Background: Almost all correlation measures currently available are unable to directly handle missing values. Typically, missing values are either ignored completely by removing them or are imputed and used in the calculation of the correlation coefficient. In either case, the correlation value will be impacted based on a perspective that the missing data represents no useful information. However, missing values occur in real data sets for a variety of reasons. In omics data sets that are derived from analytical measurements, a major reason for missing values is that a specific measurable phenomenon falls below the detection limits of the analytical instrumentation (left-censored values). These missing data are not missing at random, but represent useful information by virtue of their "missingness" at one end of the data distribution.
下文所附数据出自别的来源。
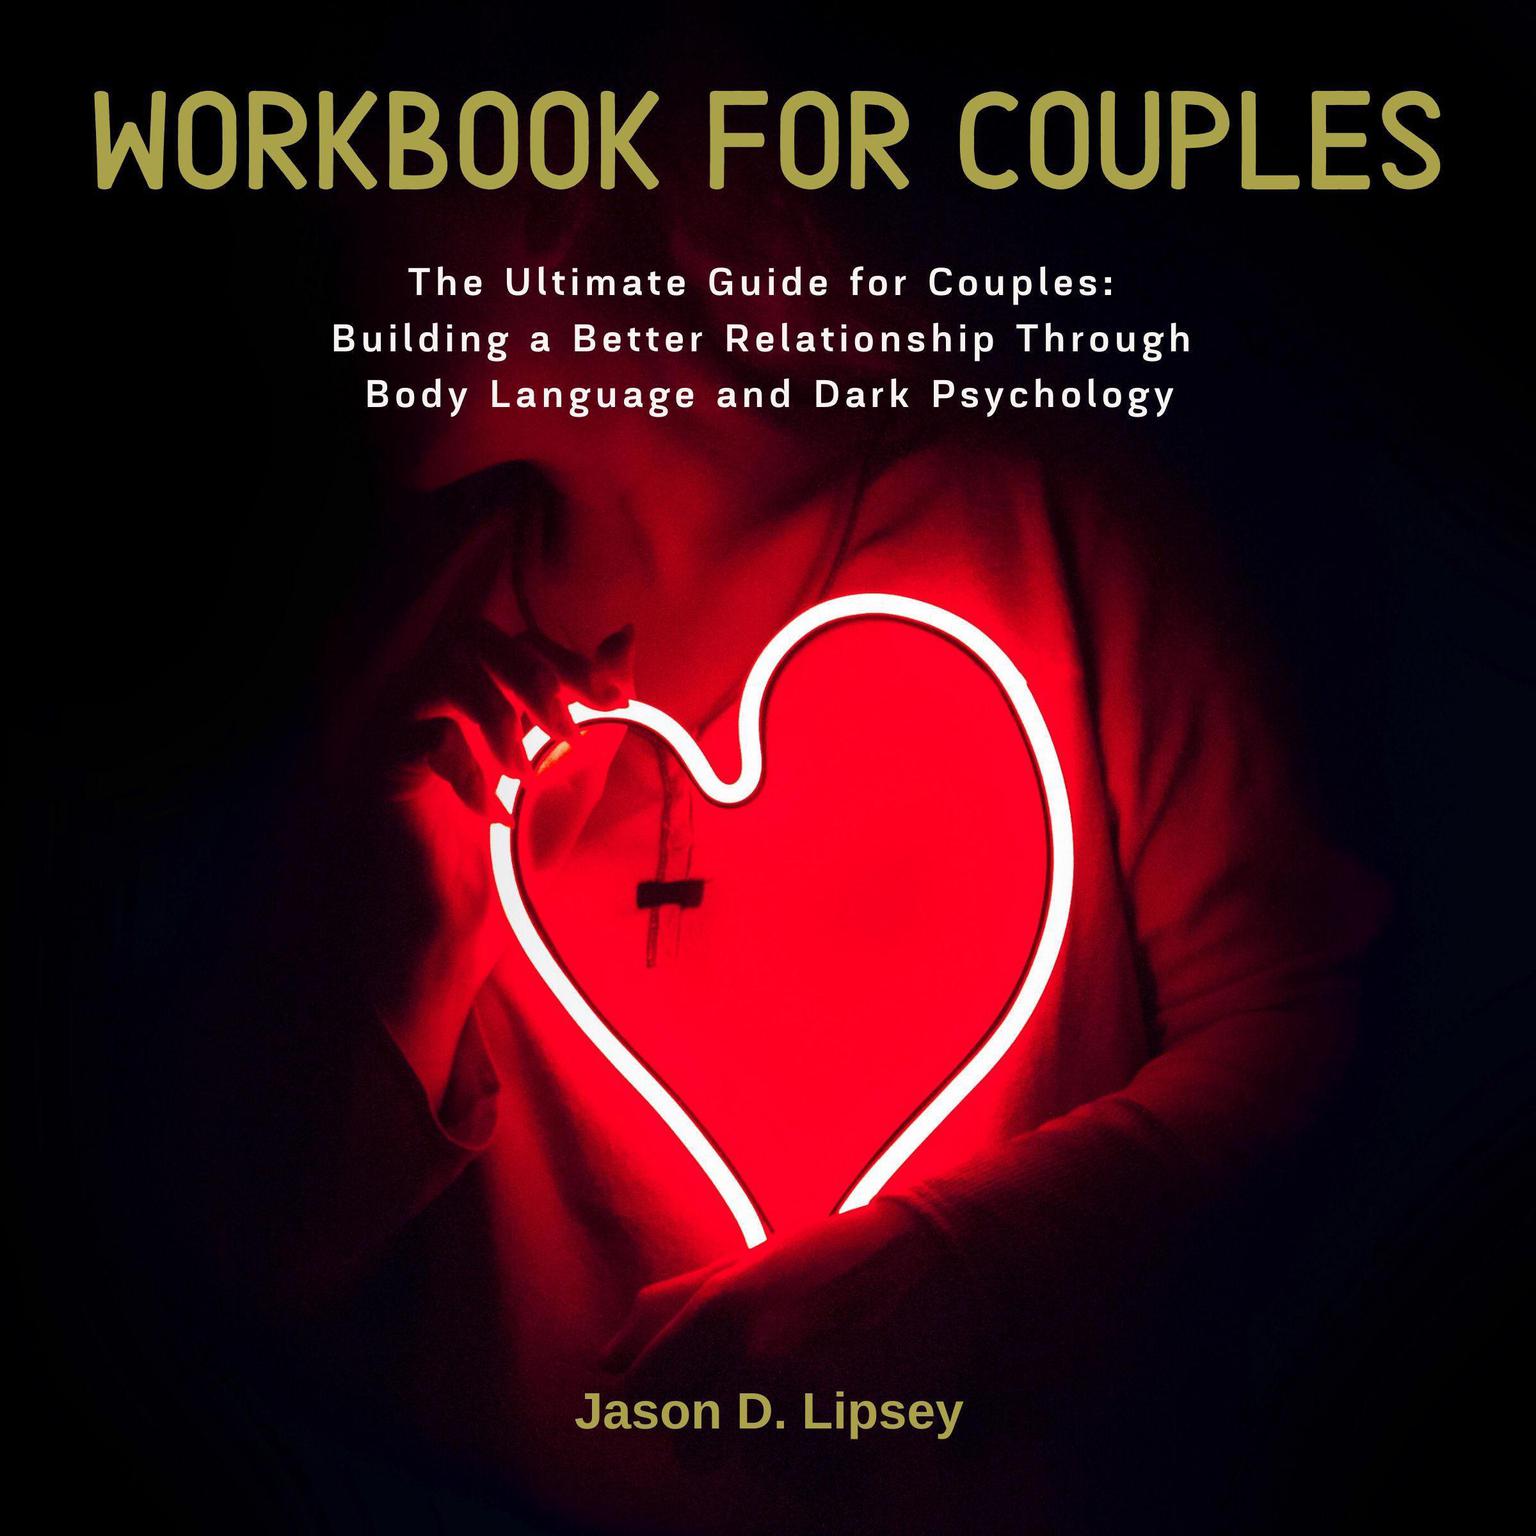 Workbook For Couple The Ultimate Guide for Couples: Building a Better Relationship Through Body Language and Dark Psychology Audiobook, by Jason D. Lipsey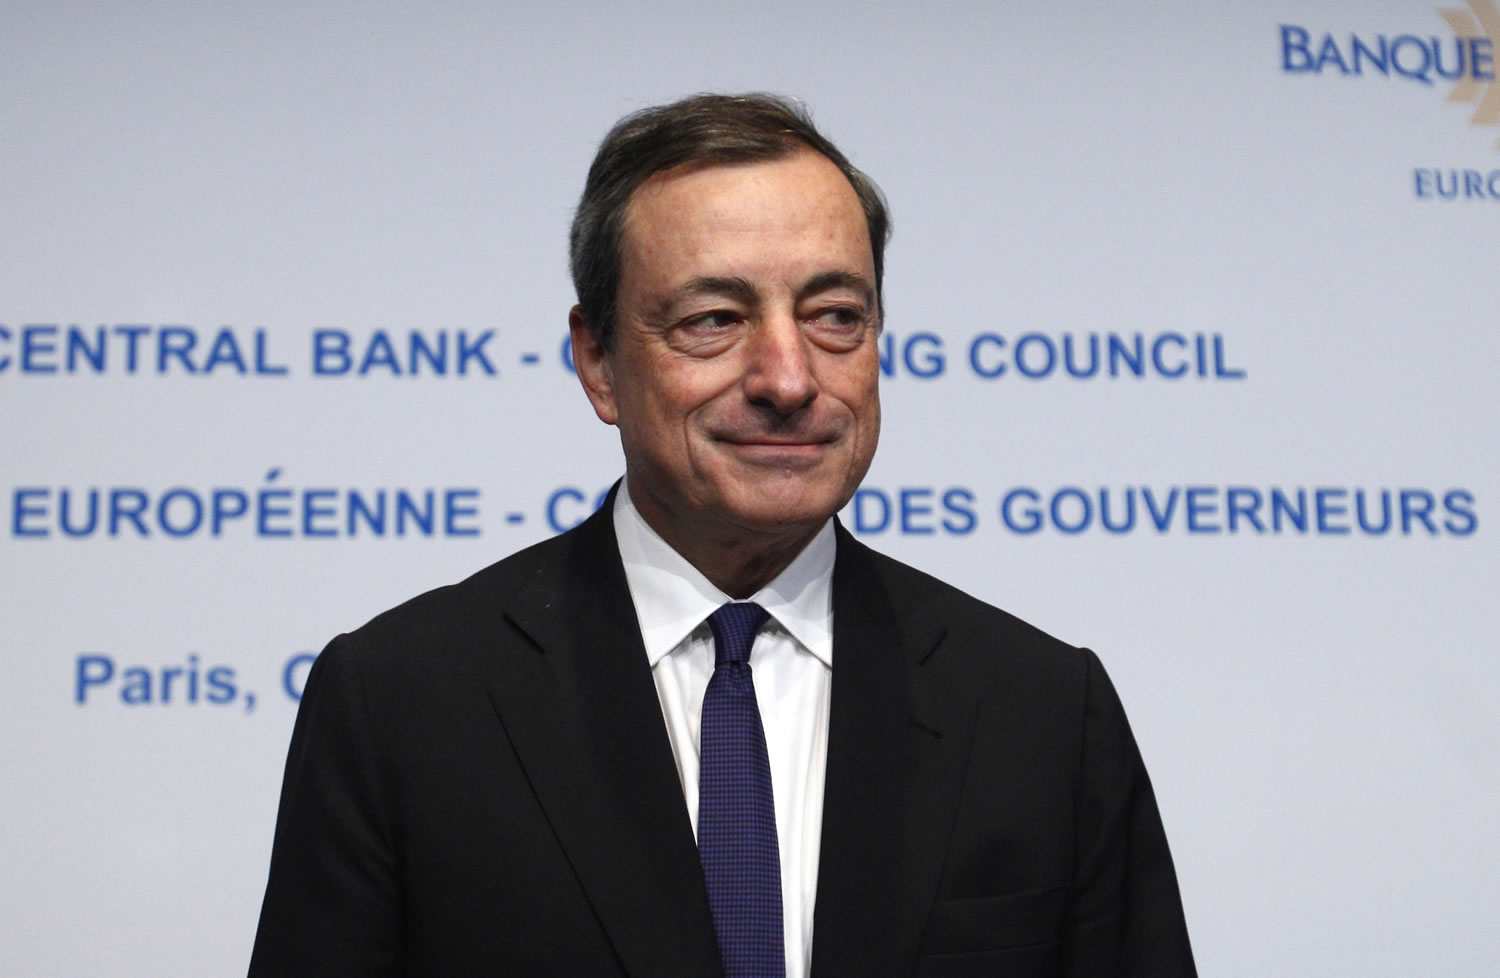 President of the European Central Bank Mario Draghi attends a news conference of the European Central Bank at the French National Bank in Paris on Wednesday.

Results: To include this information due to left-censorship missingness, we propose the information-content-informed Kendall-tau (ICI-Kt) methodology. We show how left-censored missing values can be included within the definition of the Kendall-tau correlation coefficient, and how that inclusion leads to an interpretation of information being added to the correlation. We also implement calculations for additional measures of theoretical maxima and pairwise completeness that add further layers of information interpretation in the methodology. Using both simulated and real data sets from RNA-seq, metabolomics, and lipidomics experiments, we demonstrate that the ICI-Kt methodology allows for the inclusion of left-censored missing data values as interpretable information, enabling both improved determination of outlier samples and improved feature-feature network construction. We provide explicitly parallel implementations in both R and Python that allow fast calculations of all the variables used when applying the ICI-Kt methodology on large numbers of samples.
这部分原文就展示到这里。